1. РАЗГОВОРЫ В ПОСТЕЛИ

We use cookies. Read the Privacy and Cookie Policy

1. РАЗГОВОРЫ В ПОСТЕЛИ

Мы разговариваем в постели, снова друзья, уже не любовники. Листья папоротника абрикосового цвета на жемчужно-сером фоне фланелевой простыни замирают. Мы оба удивляемся раскатам грома, гром в феврале, в Висконсине, гром на замерзшую землю и грязный снег. Моя рука легко касается его седин, наши ноги все так же переплетены. Скоро мы отвернемся друг от друга, но спины наши будут соприкасаться, достаточно близко, чтобы оставаться теплыми. К каждому из нас придут свои сны. Он будет бродить по горам Сангре-де-Кристо в Нью-Мексико или ехать лесной дорогой на озеро Берчайленд в Висконсине. Я буду выносить ребенка из горящего поселка в Латвии, прятаться от нацистских надзирателей, спешить на последний поезд. В снах, где каждый из нас видит себя семилетним ребенком, мы говорим на разных языках.

— Расскажи что-нибудь, — говорит Джон, — расскажи мне что-нибудь на сон грядущий.

Мне в голову ничего не приходит. Я поведала ему о многом, но днем мне кажется, что мы чужие. Я не верю ему, когда он говорит, что любит меня, я не жду его, пока он наконец не придет.

— Ты первый, — отвечаю я.

— Я вчера рассказывал.

Это правда, он рассказывал. О том, как некая мисс Макпайк, руководительница хора в Спунере, крохотном городишке в штате Висконсин, где вырос Джон, сердилась на двух маленьких певчих.

— Ничего в голову не приходит, все куда-то исчезло. Скорее — я все уже рассказала.

— У вас в Латвии до войны была машина? — провоцирует он.

Я только этого и жду и начинаю рассказывать.

— Нет, машины не было, только лошади. И, конечно, велосипеды.

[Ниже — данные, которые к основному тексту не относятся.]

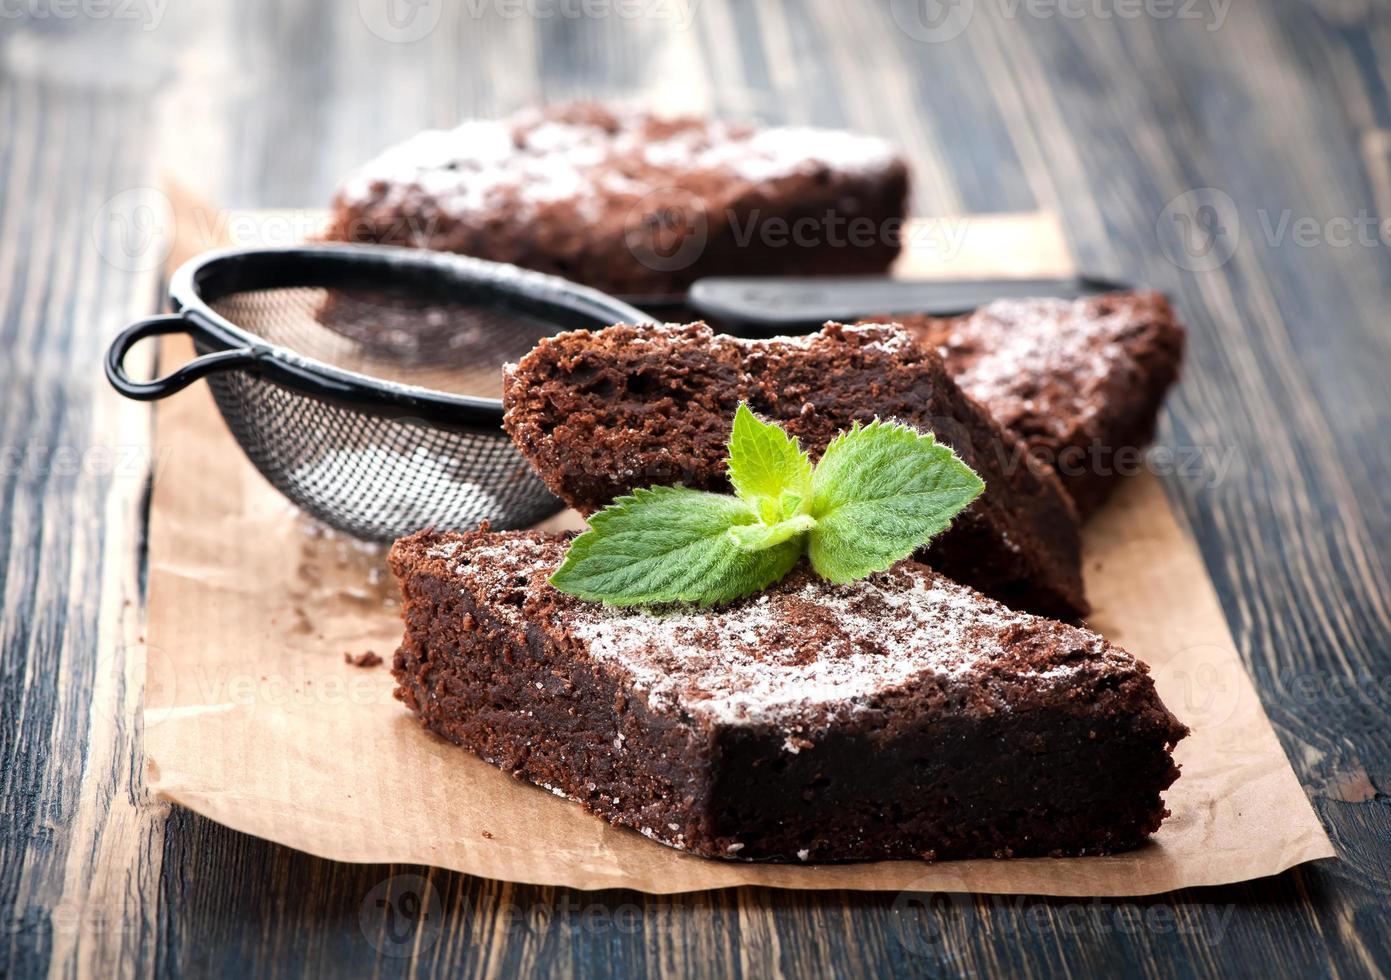 tårta choklad brownies foto

Дом пастора кажется огромным. Длинная извилистая дорога через парк подходит к самой веранде, увитой зеленью. Около дома кусты сирени и жасмина, я помню их аромат. Осенью листья высокого, молчаливого дуба и красного клена мы нанизывали на проволоку. Потом по пять-шесть сразу подкладывали под булки кисло-сладкого хлеба, прежде чем ставить их в печь. Иногда на корке оставались следы от листьев.

У мамы был новый велосипед. Сверкающие металлические колеса, большое черное кожаное сиденье и огромный черный руль. Он не был похож на мужской. У него была плетеная зелено-сине-красная сетка, чтобы не цеплялась юбка, и круглый серебряный звонок.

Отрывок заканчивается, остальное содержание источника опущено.